Many modern processors employ a pipelined architecture, where sequential instructions, each having multiple execution steps, are overlapped in execution. For improved performance, the instructions should flow continuously through the pipeline. Any situation that causes instructions to stall in the pipeline can detrimentally influence performance. If instructions are flushed from the pipeline and subsequently re-fetched, both performance and power consumption suffer.
Most programs include conditional branch instructions, the actual branching behavior of which is not known until the instruction is evaluated deep in the pipeline. To avoid the stall that would result from waiting for actual evaluation of the branch instruction, modern processors may employ some form of branch prediction, whereby the branching behavior of conditional branch instructions is predicted early in the pipeline. Based on the predicted branch evaluation, the processor speculatively fetches (prefetches) and executes instructions from a predicted address—either the branch target address (if the branch is predicted to be taken) or the next sequential address after the branch instruction (if the branch is predicted not to be taken). Whether a conditional branch instruction is to be taken or not to be taken is referred to as determining the direction of the branch. Determining the direction of the branch may be made at prediction time and at actual branch resolution time. When the actual branch behavior is determined, if the branch was mispredicted, the speculatively fetched instructions must be flushed from the pipeline, and new instructions fetched from the correct next address. Prefeteching instructions in response to an erroneous branch prediction can adversely impact processor performance and power consumption. Consequently, improving the accuracy of branch prediction is an important processor design goal.
One known form of branch prediction includes partitioning branch prediction into two predictors: an initial branch target address cache (BTAC) and a branch history table (BHT). The BTAC, also known as a branch target buffer (BTB), is indexed by an instruction fetch address and contains the next fetched address, also referred to as the branch target, corresponding to the instruction fetch address. Entries are added to a conventional BTAC after a branch instruction has passed through the processor pipeline and its branch has been taken. If the conventional BTAC is full, entries are conventionally removed from the BTAC using standard cache replacement algorithms (such as round robin or least-recently used) when the next entry is being added.
BTACs, in general, are often embodied as a highly-associative cache design and accessed early in the fetch pipeline.
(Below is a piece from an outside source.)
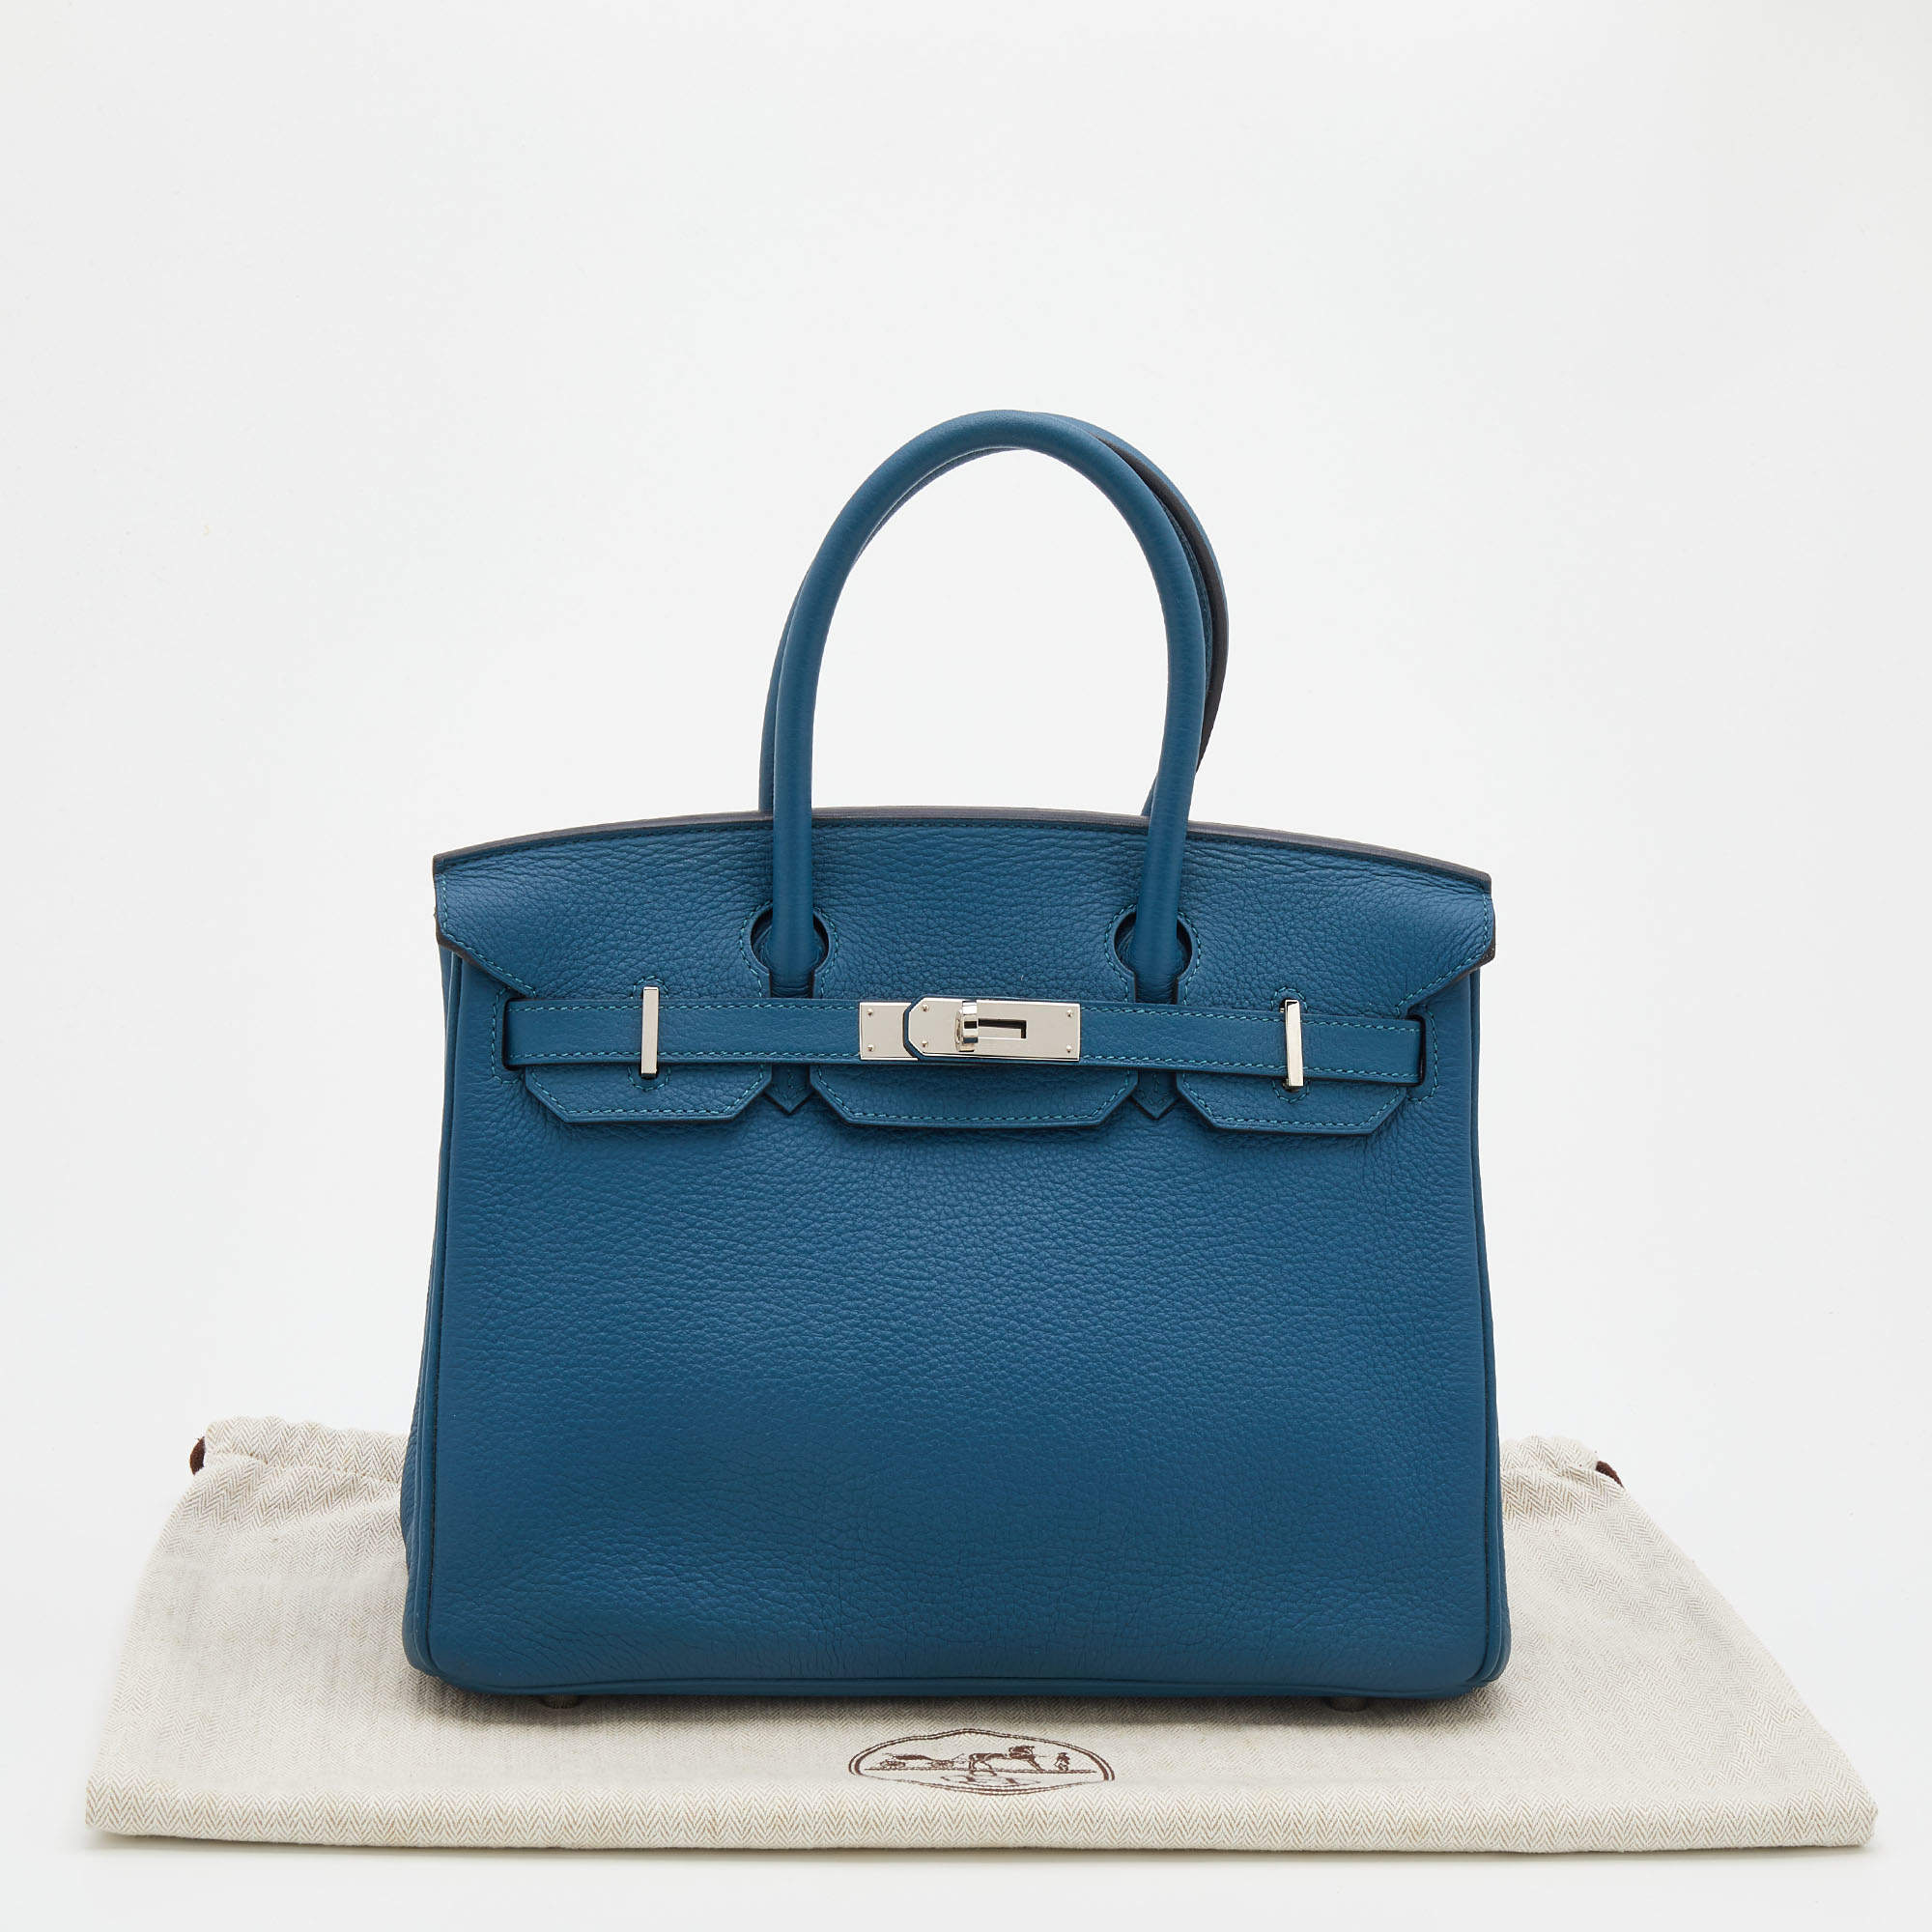 Hermès Cobalt Togo Leather Palladium Plated Birkin 30 Bag Hermes

If the fetch address matches a BTAC entry (a BTAC hit), the corresponding next fetch address or target address is fetched in the next cycle. This match and subsequent fetching of the target address is referred to as an implicit taken branch prediction. If there is no match (a BTAC miss), the next sequentially incremented address is fetched in the next cycle. This no match situation is also referred to an implicit not-taken prediction.
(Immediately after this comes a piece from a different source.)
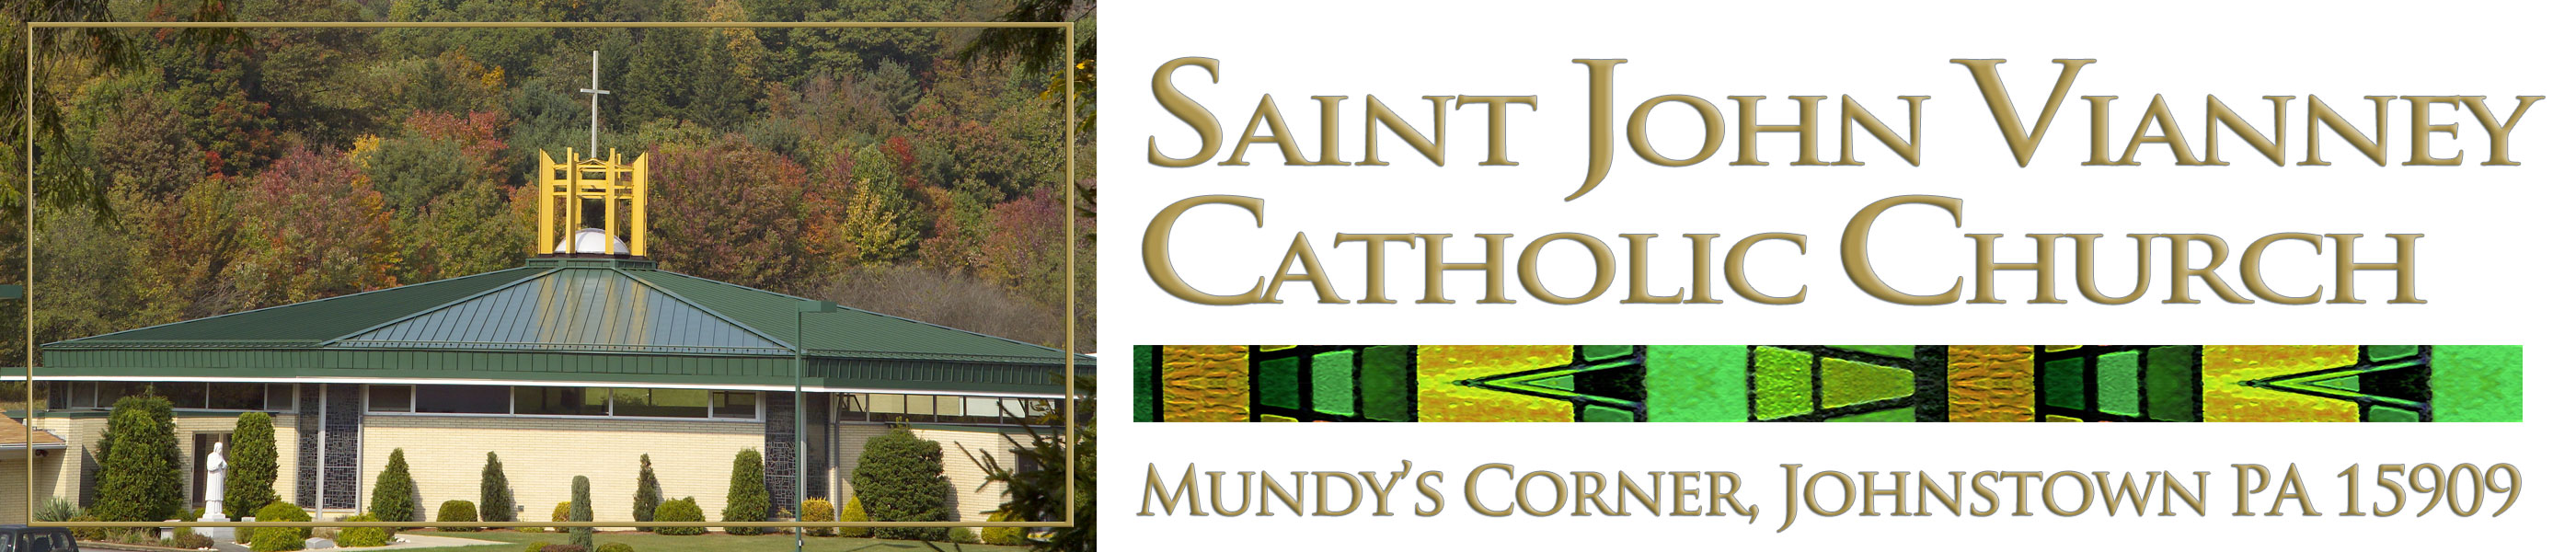 About - Saint John Vianney Catholic Church

BTACs, in general, are utilized in conjunction with a more accurate individual branch direction predictor such as the branch history table (BHT) also known as a pattern history table (PHT). Conventional BHTs are accessed later in the pipeline than a conventional BTAC. As such, additional information may be potentially present in order to make a better prediction. A conventional BHT may contain a set of saturating predicted direction counters to produce a more accurate taken/not-taken decision for individual branch instructions. For example, each saturating predicted direction counter may comprise a 2-bit counter that assumes one of four states, each assigned a weighted prediction value, such as:
11—Strongly predicted taken
10—Weakly predicted taken
01—Weakly predicted not taken
00—Strongly predicted not taken
BHTs, in general, are conventionally indexed by bits stored in a branch history register (BHR). The output of a conventional BHT is a taken or not taken decision which results in either fetching the target address of the branch instruction or the next sequential address in the next cycle. The BHT is commonly updated with branch outcome information as it becomes known.
Utilizing a conventional BHT, a processor may override an earlier implicit prediction made by a BTAC. For example, a BTAC may hit (implicitly predicting a taken branch), but the BHT may override the BTAC implicit prediction with a not taken prediction. Conversely, following a BTAC miss, the BHT may override the BTAC miss with a taken prediction provided the target address is now known at this point in the processor pipeline.
Overriding BTAC predictions by a BHT results in wasted cycles resulting from flushing the processor pipeline. Overriding BTAC predictions by a BHT can happen repeatedly when a similar branch instruction is subsequently processed by the pipeline. For example, if the BTAC implicitly predicts taken by a match being found in the BTAC, instructions from the target address (taken branch) begin to be fetched in to the processor pipeline. If the BHT subsequently overrides the BTAC prediction by deciding that the branch should not be taken, all the instructions after the fetching of the target address have to be flushed from the pipeline. In this conventional branch prediction technique, this cycle potentially repeats itself for the same branch instruction subsequently fetched. This problem of repeating branch prediction conflicts on subsequent fetching of the same conditional branch instruction is referred to herein as the multiple flush cycle problem. In a conventional approach, the multiple flush cycle problem may continue to exist for a conditional branch instruction until the BTAC is updated. Therefore, it is recognized that apparatus and methods are needed to proactively manage the BTAC and reduce the probability of the occurrence of the multiple flush cycle problem.